Who knew a chuck roast could taste so good? Remember the old rule “Cook it low and slow?” Kari Underly, a member of the National Cattlemen’s Beef Association New Product Development Team addressed members of the Illinois Beef Association during the recent Illinois Commodity Conference.
Underly says “It isn’t your grandma’s pot roast anymore.”

Like many of you, I am curious about how my check-off dollars are being spent. As a farm broadcaster, I have the luxury of having that information readily available to me. I took off my farm broadcaster hat and listened to Kari Underly tell me how her team’s efforts could equate to more profit potential for me as a beef producer.
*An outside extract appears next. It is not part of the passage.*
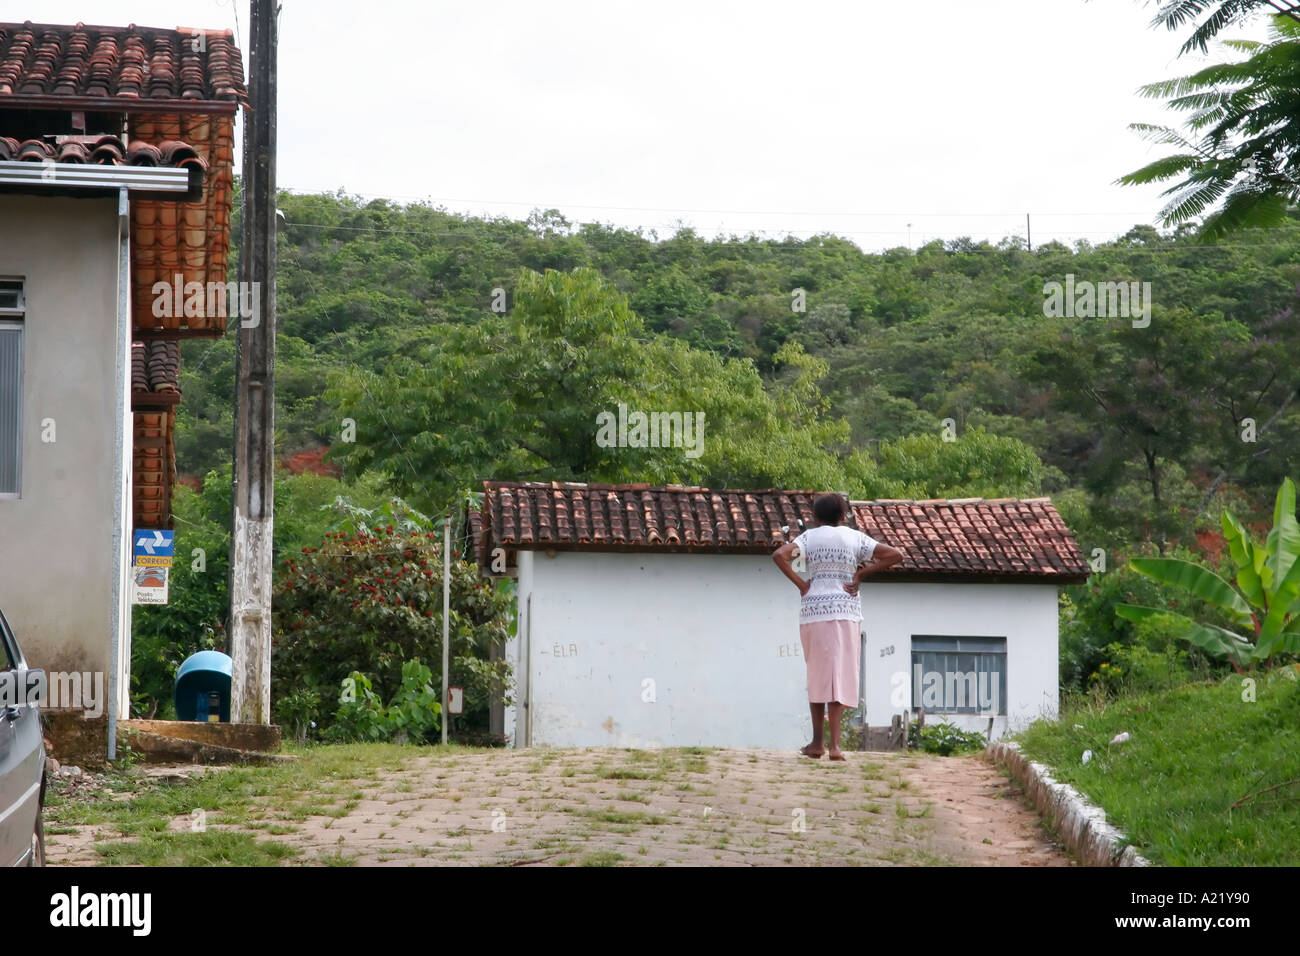 Femme en street village près de Belo Horizonte, Minas Gerais Brésil Amérique du Sud Banque D'Images

The National Cattlemen’s Beef Association along with the University of Nebraska and the University of Florida went through some extensive muscle profiling research, discovering 3 or 4 muscles out of the chuck and the round that she refers to as “diamonds in the rough.” They are now able to harvest a muscle that creates the flat iron steak. The flat iron has been receiving rave reviews from consumers. Underly says even overcooked it is still a hit. I personally have had the flat iron on several occasions and as a beef producer, am happy to say that Underly and her group are on to something good.

This research team has also discovered a little muscle called the terras major which is sold as the shoulder tender. In the past, most retailers would grind this muscle for hamburger. The shoulder tender now competes with the pork tenderloin in the meatcase.

The Beef Value Cuts program includes a new line of 13 single-muscle cuts promising easy preparation, greater consistency and more lean beef product options for consumers. Underly says the program includes videos and in-person training and presentation for packers, large and small retailers, and producers. As demand for convenient beef products continues to grow, this new product line of moderately priced cuts from the underutilized chuck and round boxed beef has potential to move more beef.

It is a good time to be in the cattle business, with prices at all-time highs. The concern of course, is that consumers will not purchase beef because it is now selling at a premium in the meatcase. Underly says the Value Cuts program is on target because of the “void” between ground beef and premium steaks. She is receiving more and more calls from retailers because of price issues. Most would look at this as a bad thing, but it presents a great opportunity for these new cuts. With the price spread between hamburger and steak, the consumer is looking for something “in-between.” Underly and her team work with these retailers on in-store merchandising strategies for the new Value Cuts.

Haven’t tried a flat iron or a shoulder tender yet? Ask about it at your local meat counter. I asked for it at the meatcase at Schnuck’s in Columbia, Missouri last week. The woman behind the counter said “Where you from, honey?” It enough people ask for it, we’ll see shoulder tenders and flat iron steaks in every meat case.

As Underly told me, “Everybody has a different stake in the process. . .we still, quite frankly, make steak.”